◆ **Your task**: The line with "Αριστοκρατικό μπάνιο: 3" marks the start; please set it down along with all later lines through the end of the material, exactly, leaving out pictures.

◆ **Supplied data**:
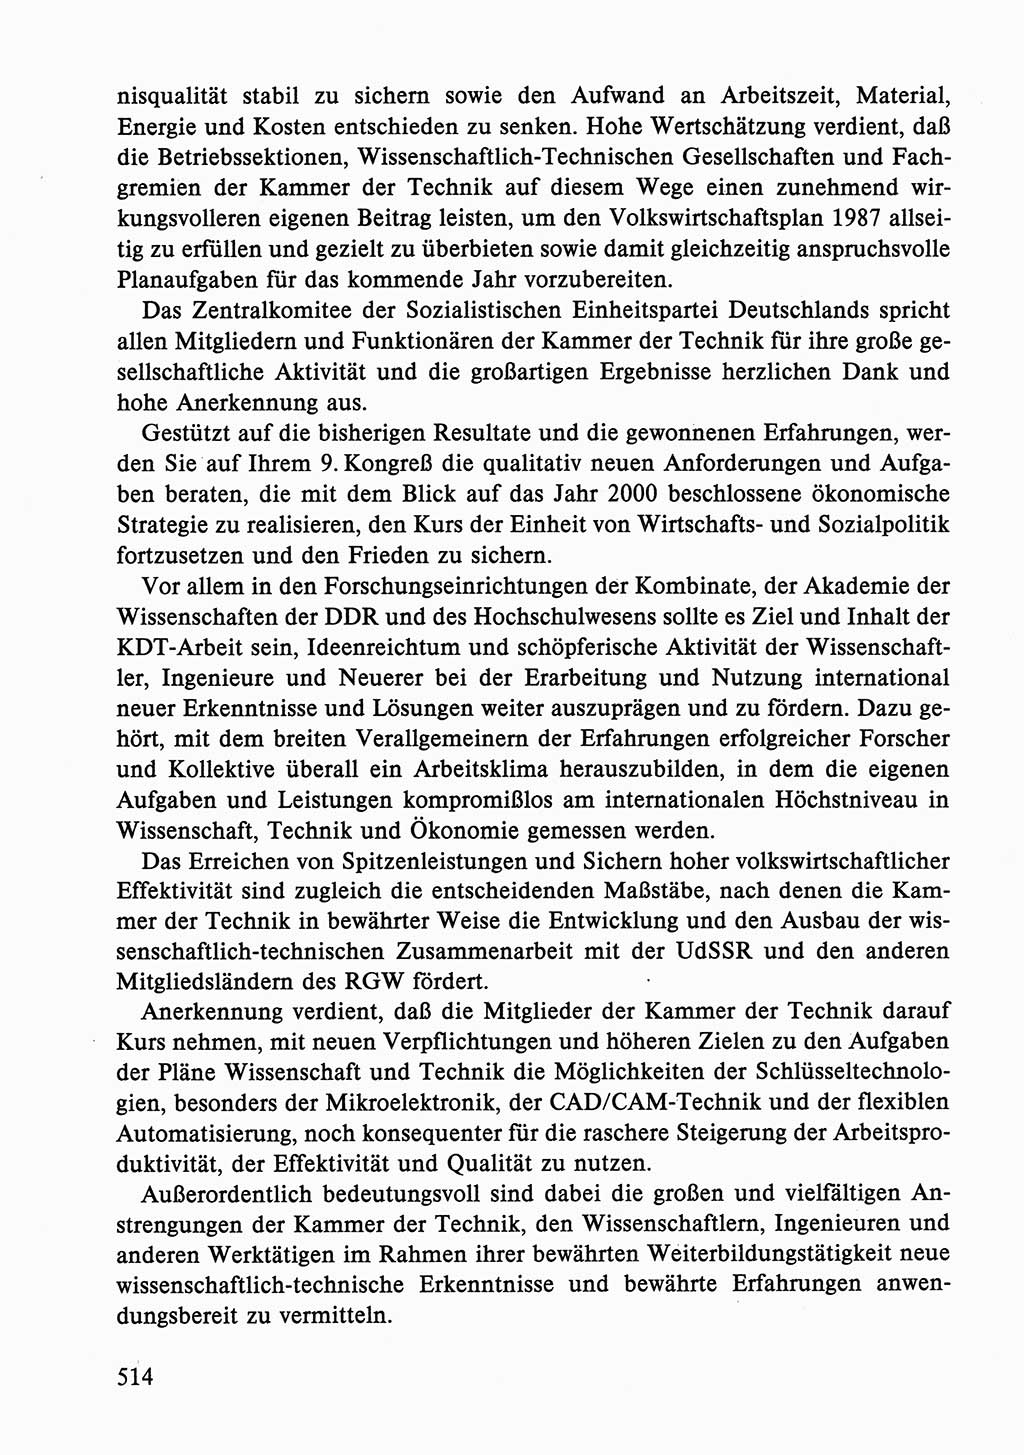 Dokumente der Sozialistischen Einheitspartei Deutschlands (SED) [Deutsche Demokratische Republik (DDR)] 1986-1987, Seite 514 (Dok. SED DDR 1986-1987, S. 514)
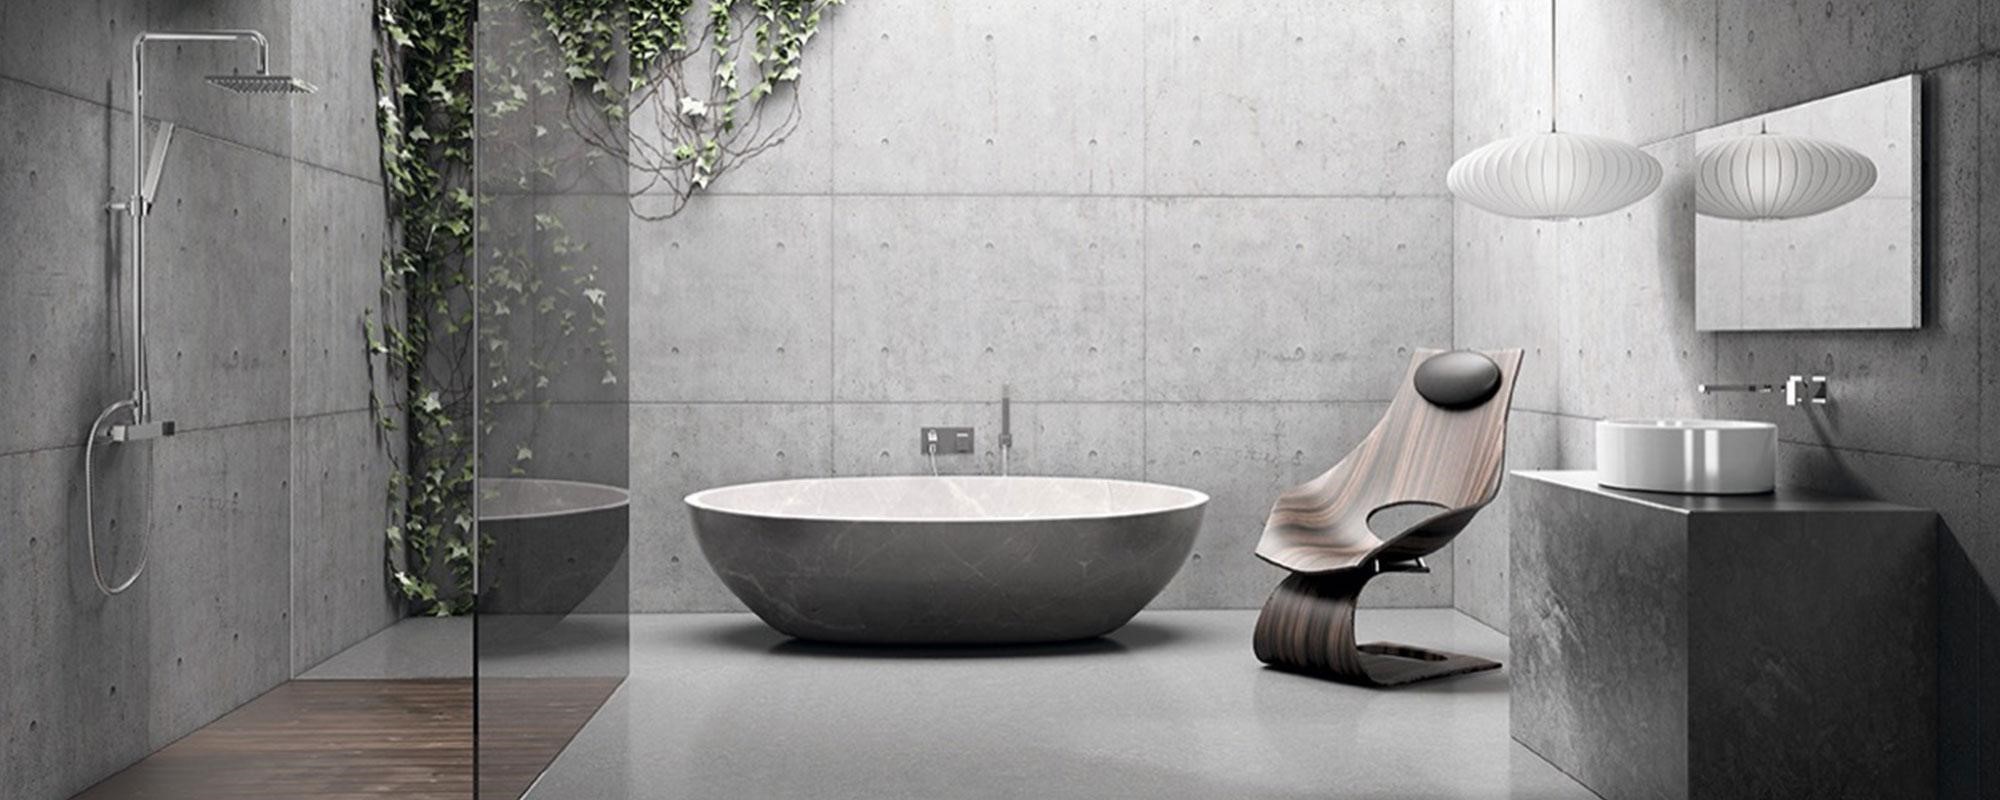 Αριστοκρατικό μπάνιο: 3 είδη υγιεινής που θα αναβαθμίσουν το χώρο σου
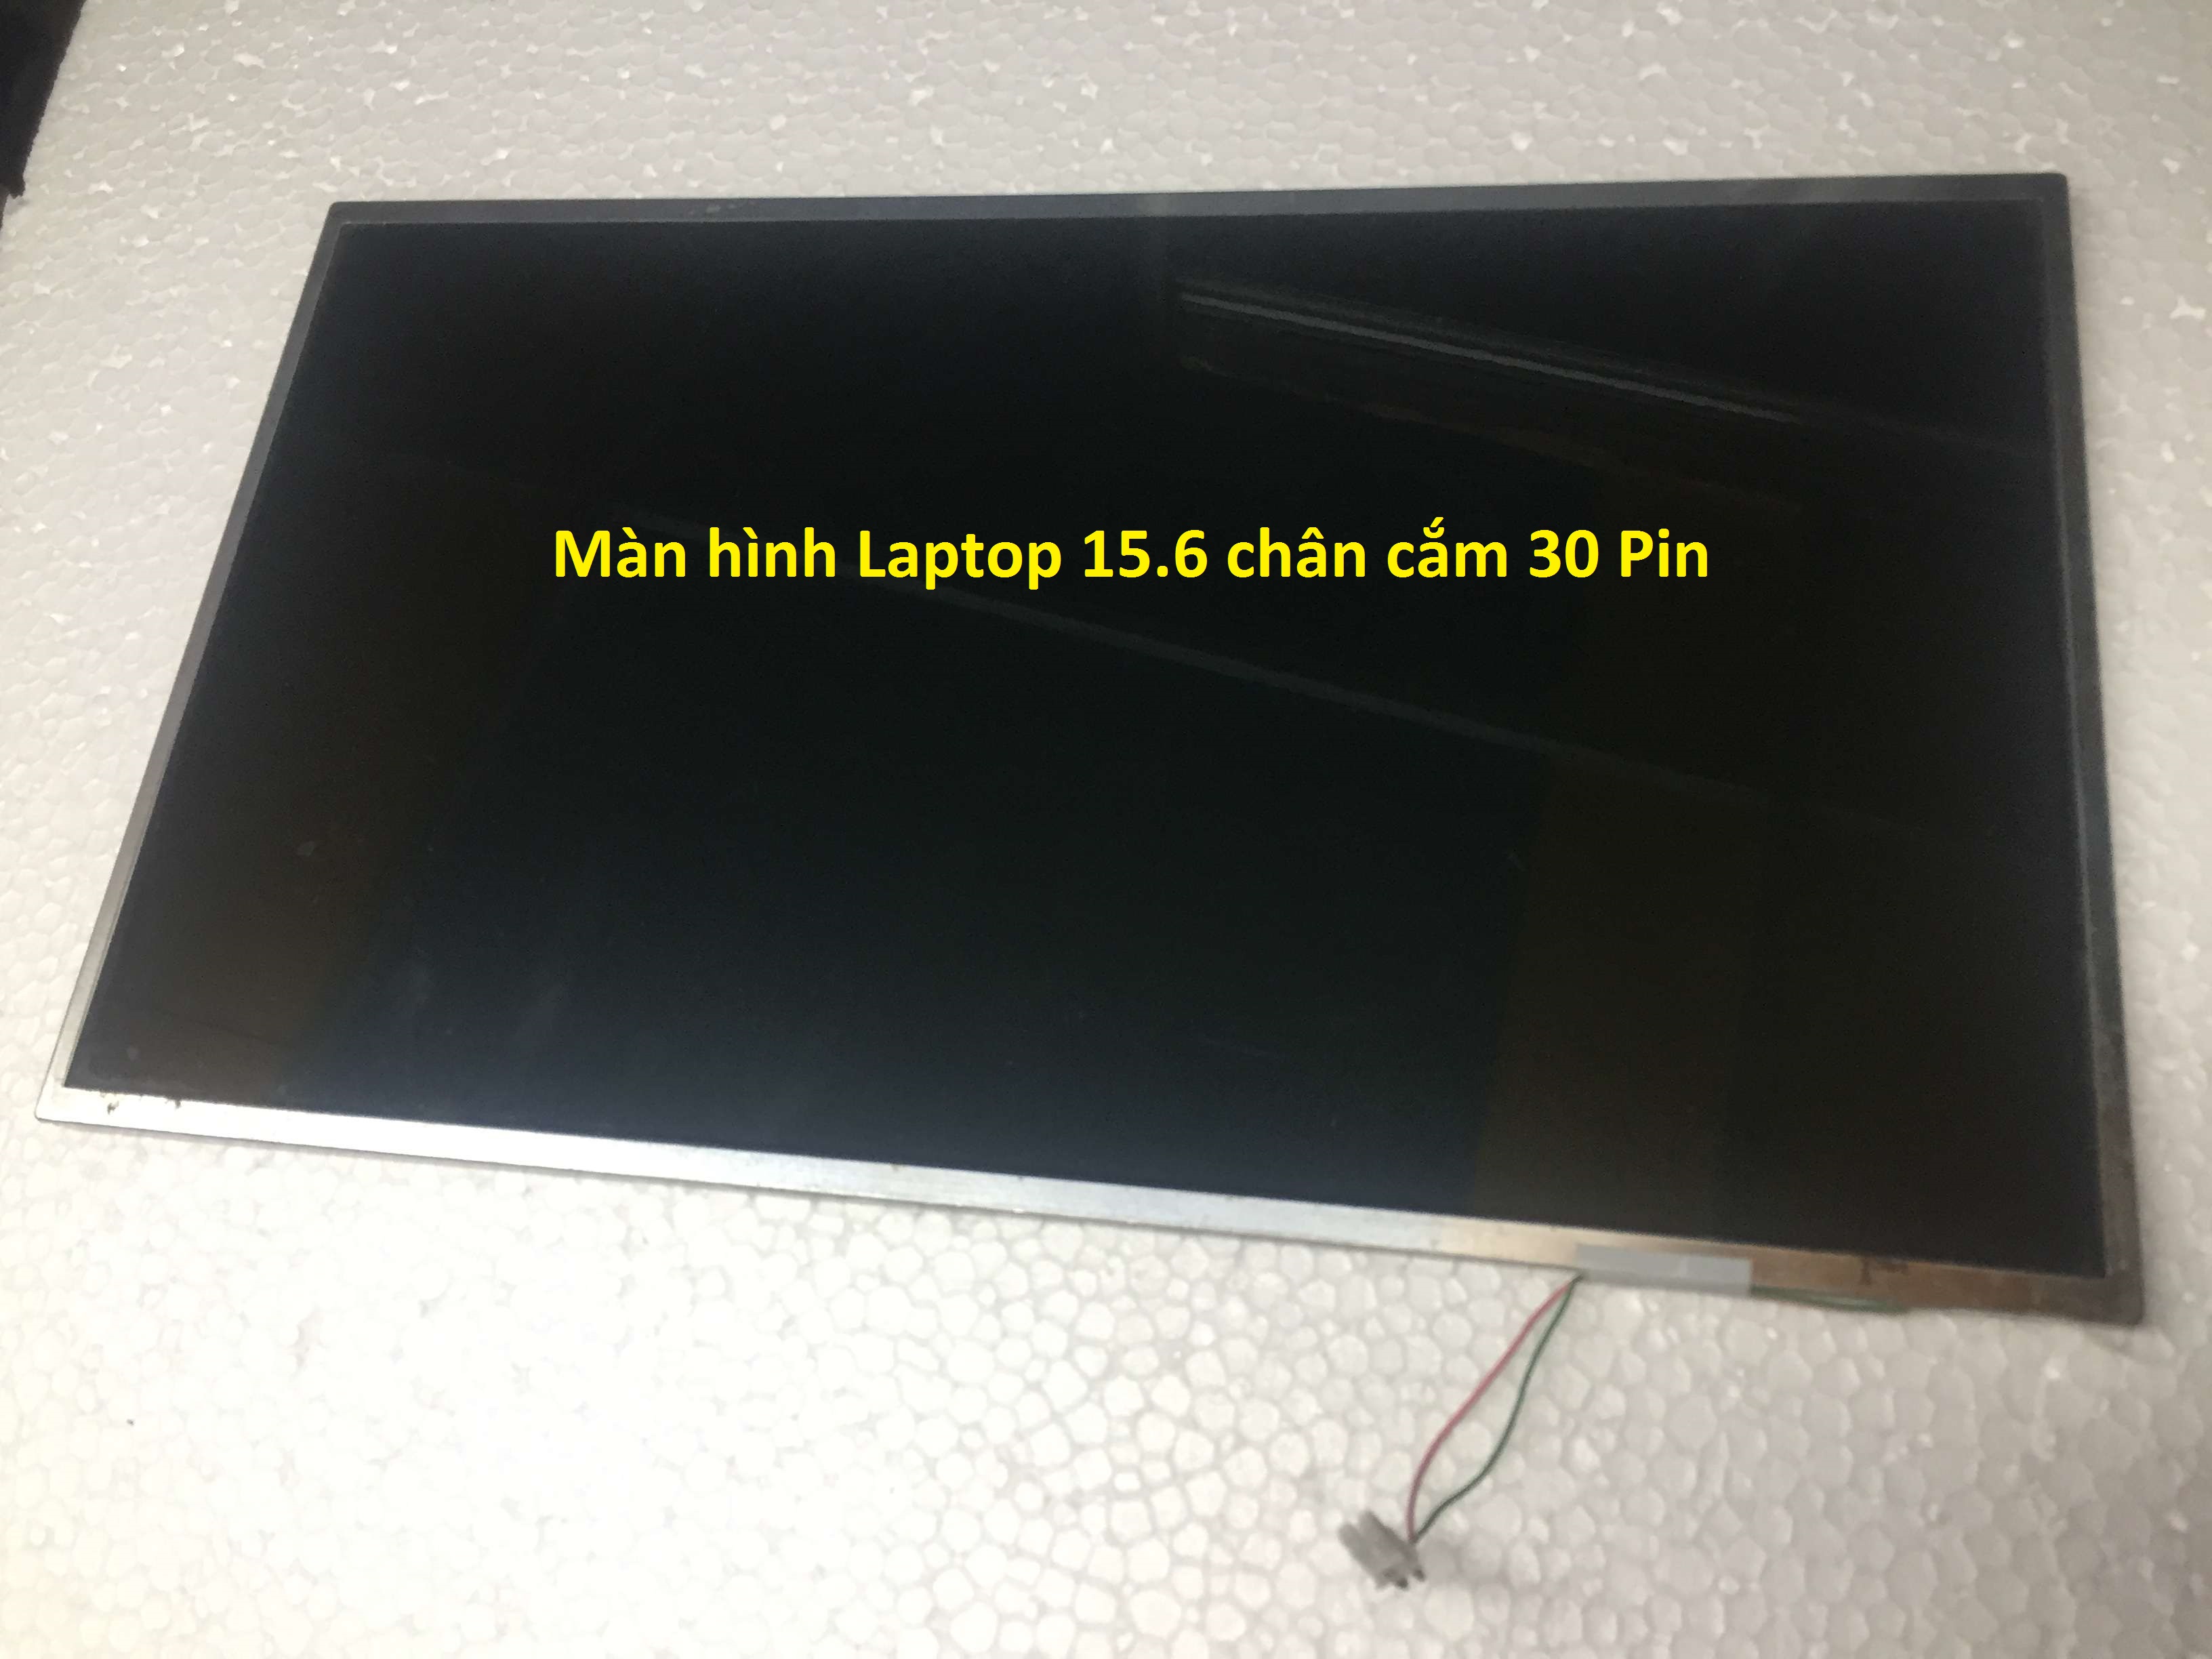 Màn hình LCD Laptop Chạy Đèn cao áp 15.6 in WIDE 30 Pin Sáng Đẹp

◆ **Worked solution**:
 Αριστοκρατικό μπάνιο: 3 είδη υγιεινής που θα αναβαθμίσουν το χώρο σου
 Màn hình LCD Laptop Chạy Đèn cao áp 15.6 in WIDE 30 Pin Sáng Đẹp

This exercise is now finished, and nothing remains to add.